It wasn't that they didn't come from a scene - as I said on the Shamen thread, they shamelessly piggybacked off the Shamen's work. It was more that they weren't legible as belonging to a music press standardised Thing - the way that the music press presented Baggy, or presented Shoegaze or Britpop or The New Wave Of New Wave as being "a-ha, we, the music press have spotted The Next Trend".
They just combined a bunch of stuff that was zeitgeisty and popular, and combined it with a heartthrob looks singer, and had this skyrocketing success that the Uk music press didn't know where to assign.
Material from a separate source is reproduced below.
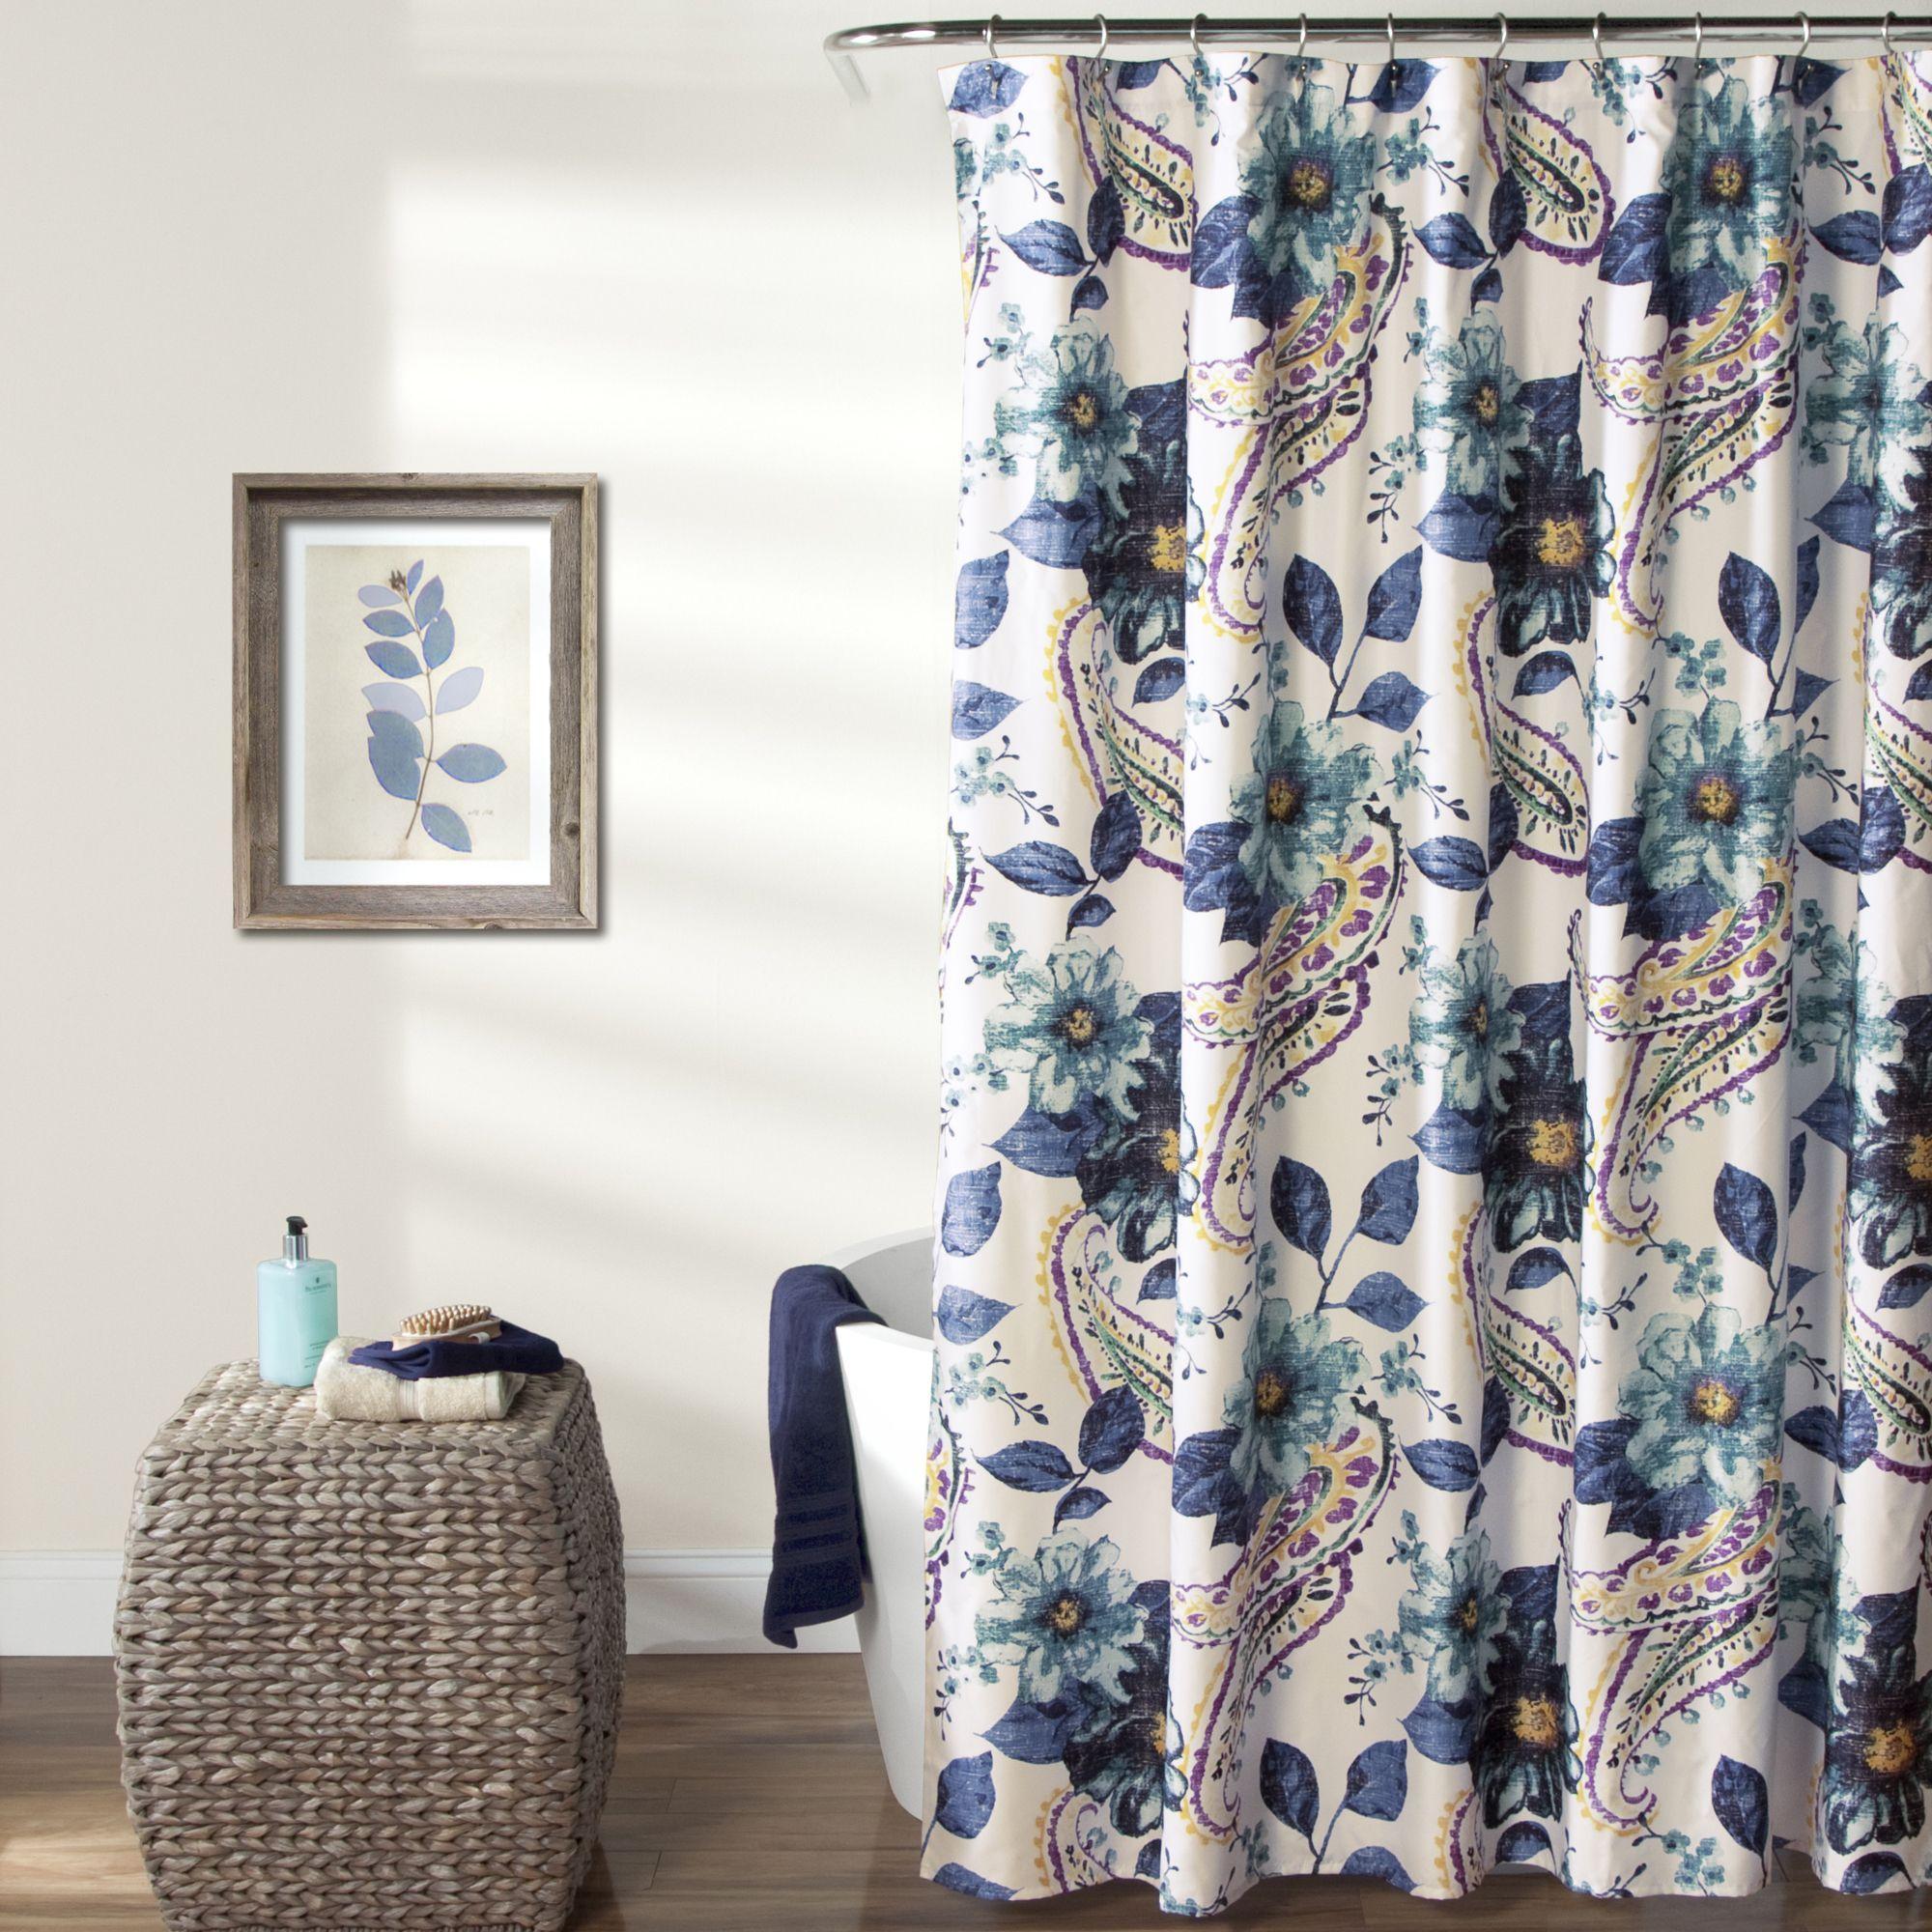 Lush Decor Floral Paisley Shower Curtain By Lush Decor Bathrooms

― Specific and Limited Interests (Branwell with an N), Sunday, 13 September 2020 08:27 (four years ago) link
I'm just glad the Tatu cover of How Soon Is Now exists
― boxedjoy, Sunday, 13 September 2020 08:51 (four years ago) link
WTF is “grebo”???
― Mr. Snrub, Sunday, 13 September 2020 14:58 (four years ago) link
WTF is "grebo"? Obviously it is the music favored by diving birds of the order Podicipediformeshttps://en.wikipedia.org/wiki/Grebe?wprov=sfla1
― velcro-magnon (Ye Mad Puffin), Sunday, 13 September 2020 15:03 (four years ago) link
No one knows what Grebo is, or where it came from, or what it means. They will only ever tell me what it isn't.
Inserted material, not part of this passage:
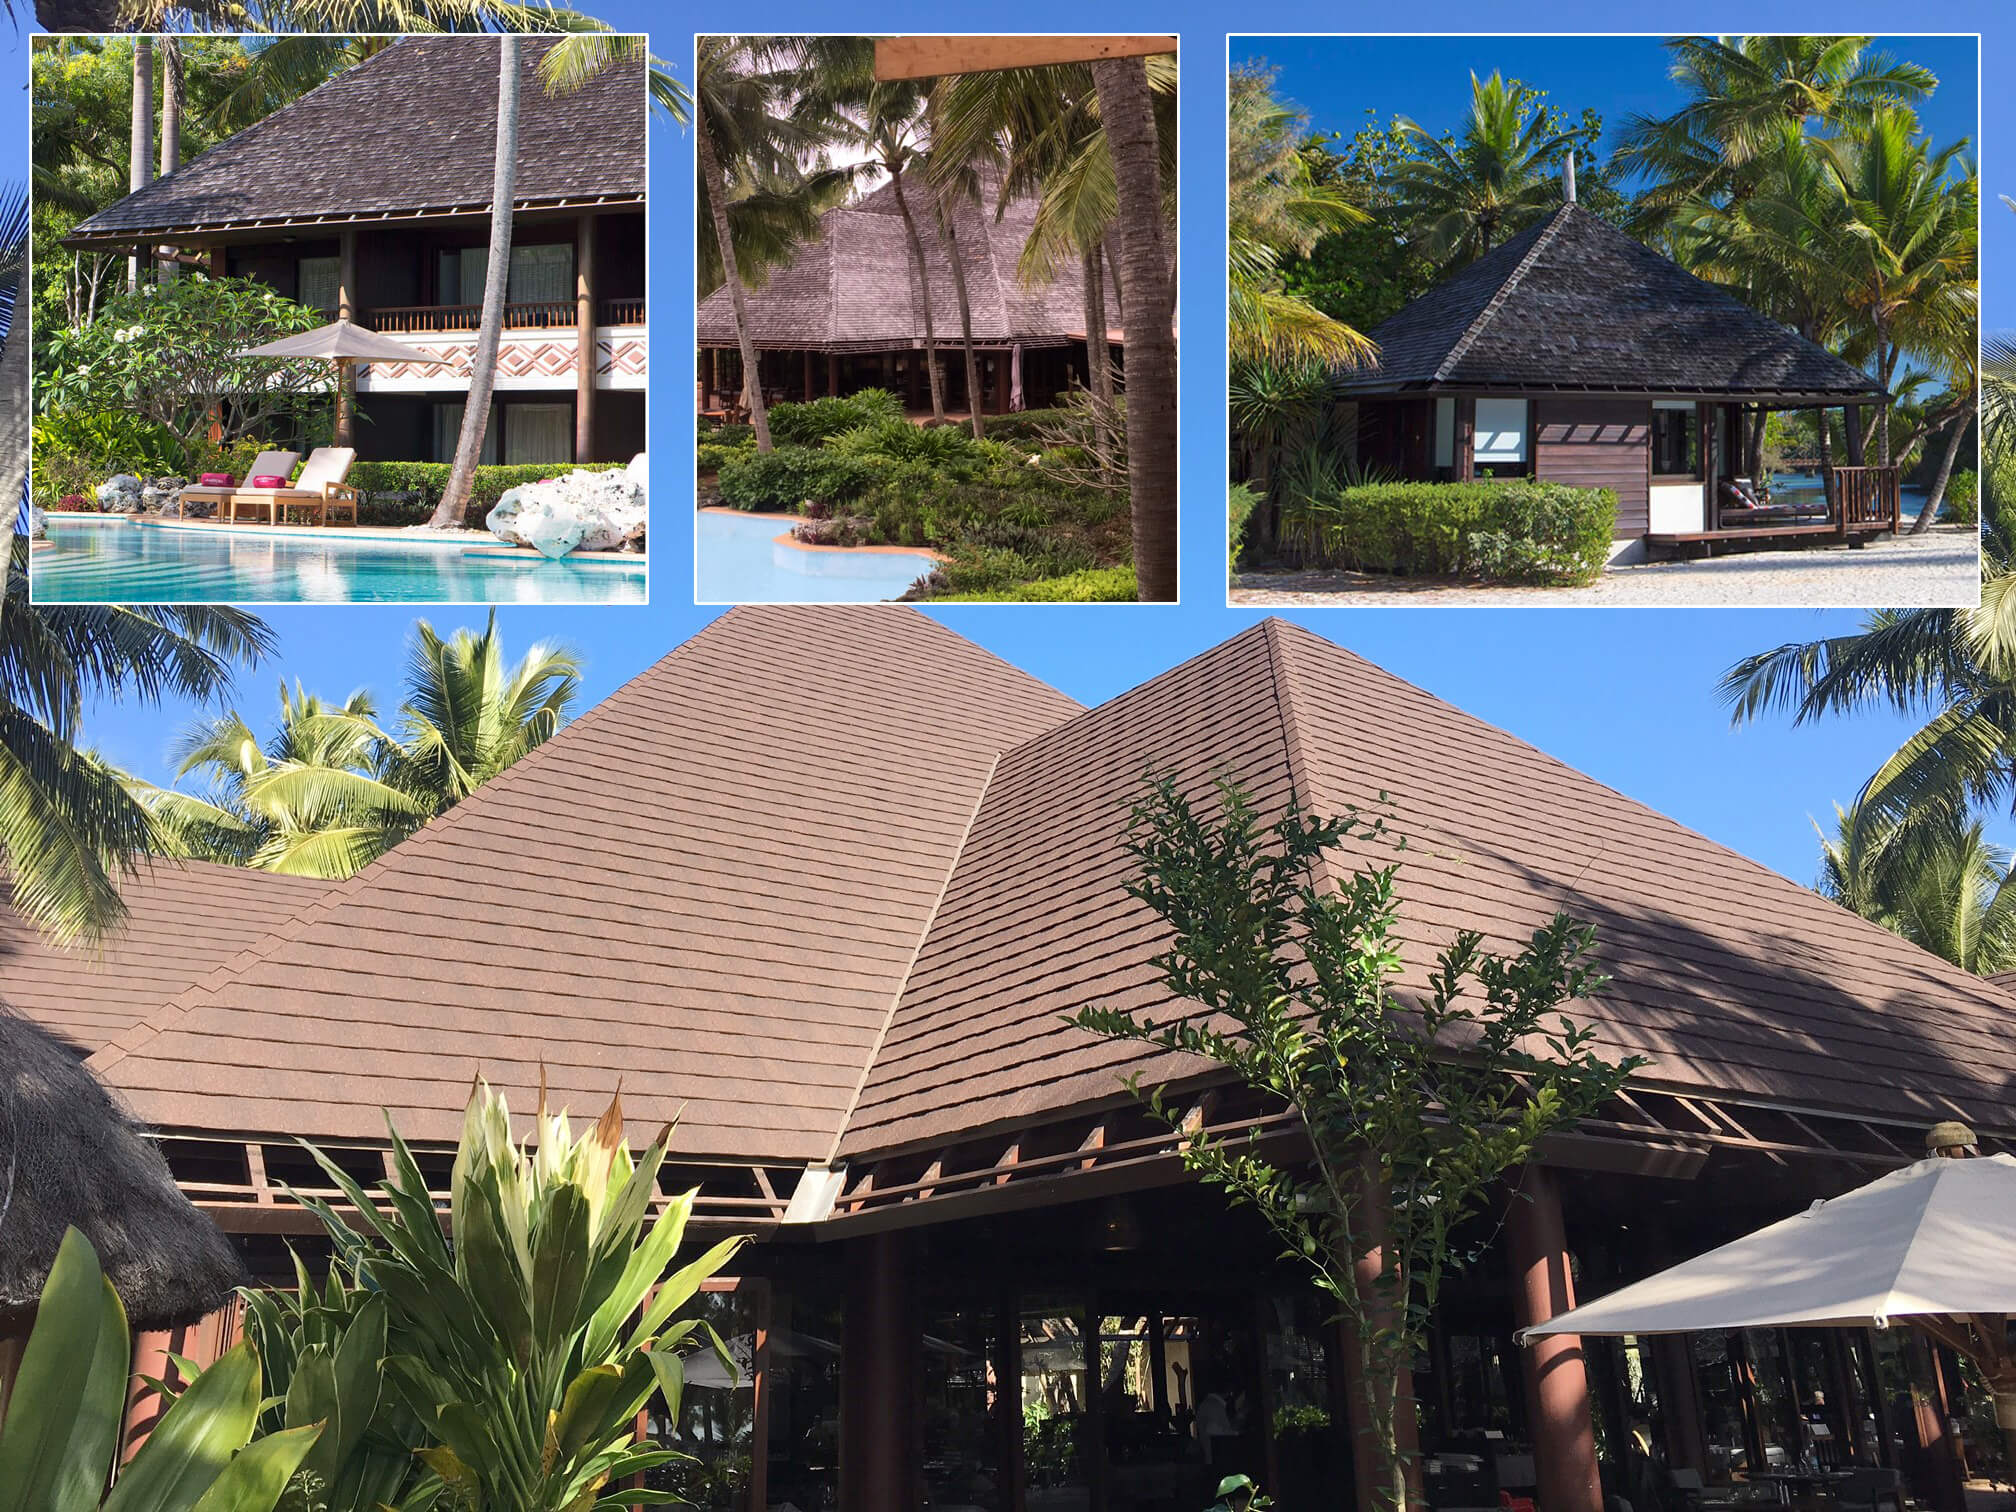 re-roofing-in-paradise-4.jpg

― Grebo X Performance (Branwell with an N), Sunday, 13 September 2020 15:08 (four years ago) link
How Soon Is Now came out like 10 years before all these other songs so im assuming it's some remix from the grosse point blank soundtrack or something
― billstevejim, Sunday, 13 September 2020 18:47 (four years ago) link
it got reissued in 92 with a fancy 2cd single package when the label released a greatest hits set
https://www.discogs.com/The-Smiths-How-Soon-Is-Now/release/490493
https://www.discogs.com/The-Smiths-How-Soon-Is-Now/release/490503
― mark e, Sunday, 13 September 2020 18:51 (four years ago) link
Also I feel like this series always had a side strategy of padding out new tracks with indie disco classics.
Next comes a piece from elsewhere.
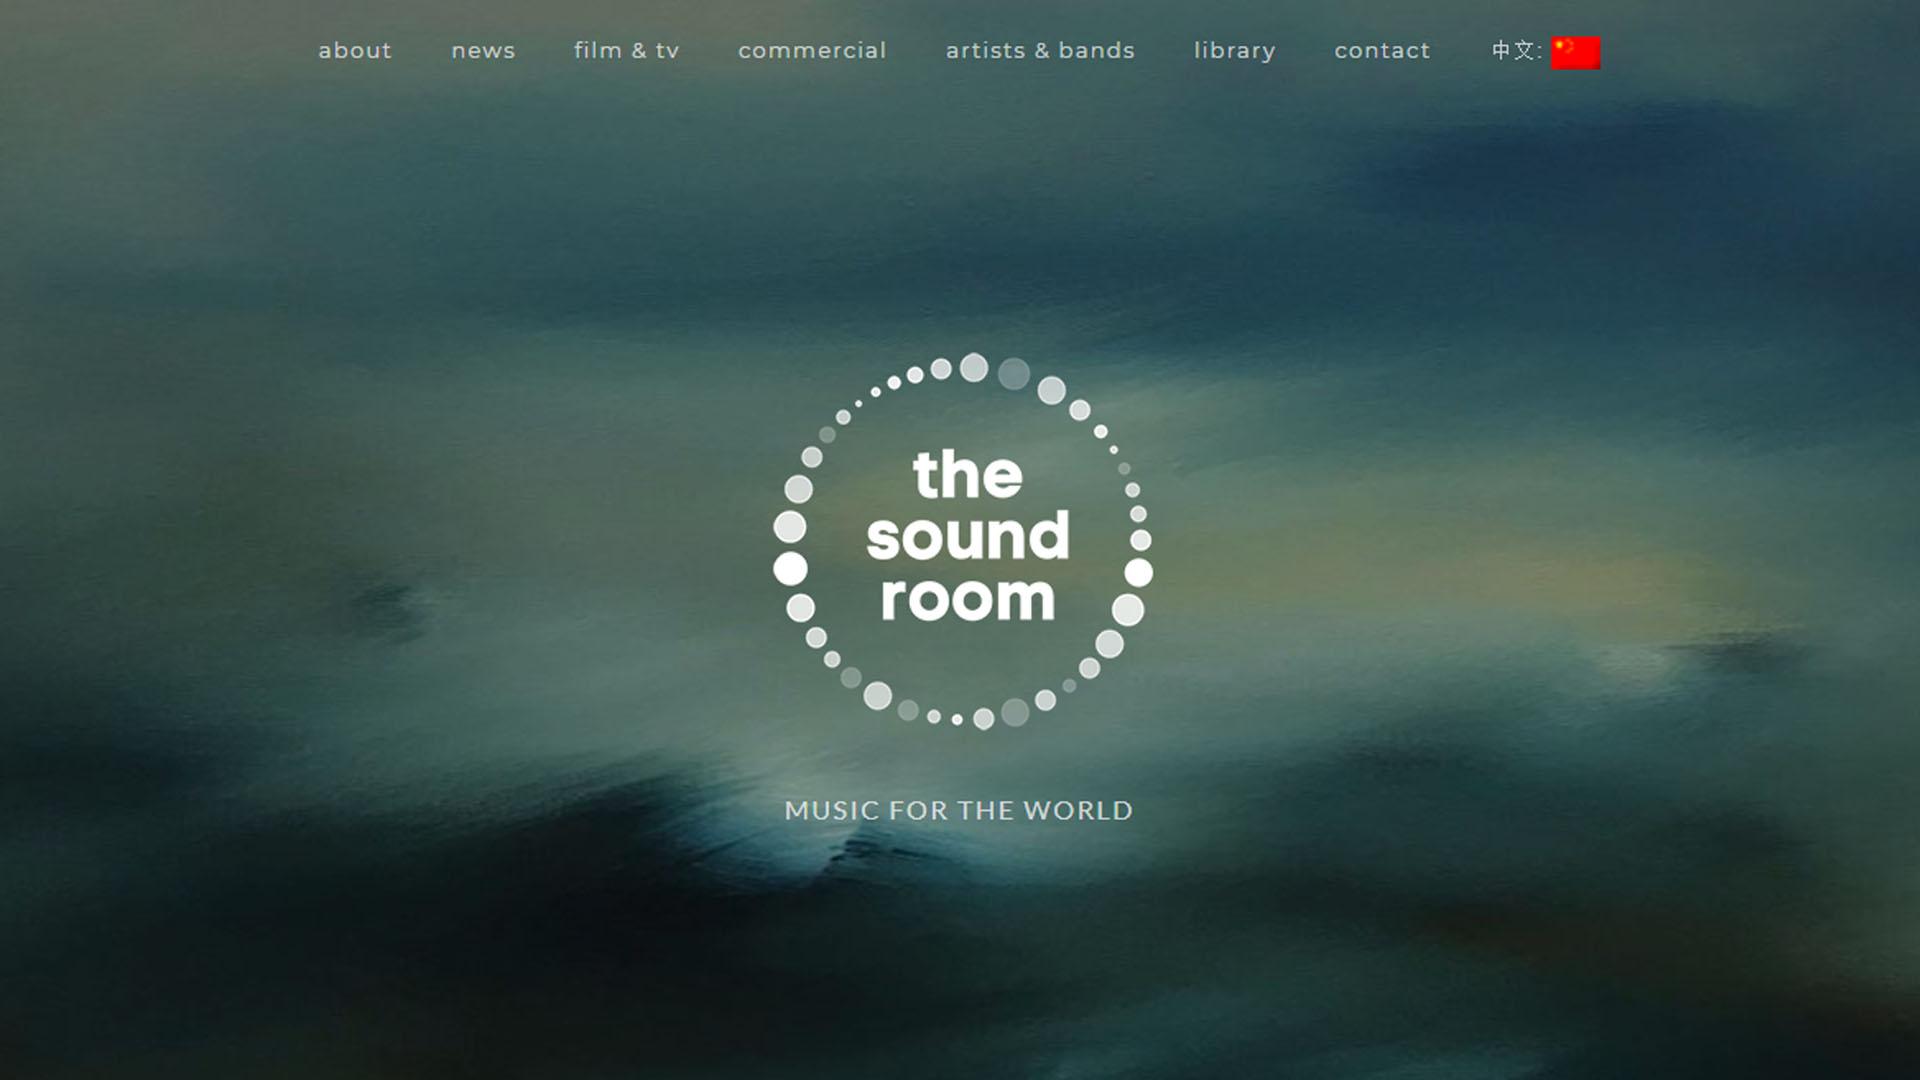 Soundroom.co.nz - website

― 这是我的显示名称 (Camaraderie at Arms Length), Sunday, 13 September 2020 18:54 (four years ago) link
xps The Smiths singles compilation came out in 1995.
― visiting, Sunday, 13 September 2020 18:55 (four years ago) link
Oddly Pulp's has the most warm evocative vibe, it actually reminds me of the era and conjured up some of the old late-teens early-90s magic, perhaps purely because it wasn't played as often as some of those other bangers.
Great video too
https://www.youtube.com/watch?v=sPGepgWupTw
― piscesx, Sunday, 13 September 2020 19:10 (four years ago) link
I wrote a thing about DYRTFT a few years back, re-reading it, it's not a very good thing, however might be good for a dive into the trackhttps://pulpsongs.wordpress.com/2014/04/25/129-do-you-remember-the-first-time/
― 这是我的显示名称 (Camaraderie at Arms Length), Sunday, 13 September 2020 19:24 (four years ago) link
Dodgy were in most respects pretty shit, but I do miss the days when a band could have a hit with something so unabashedly and uncynically exuberant and positive as Staying Out For The Summer. It's definitely a song that could only have come out when it did, even if it was a straight sixties rip off
― Leighton Buzzword (dog latin), Monday, 14 September 2020 09:41 (four years ago) link
Dodgy winning Gary Crowley's demo clash on GLR five weeks running with Lovebirds. The shit ya remember, although not the song itself without going to YouTube. I'm curious to hear that demo again now.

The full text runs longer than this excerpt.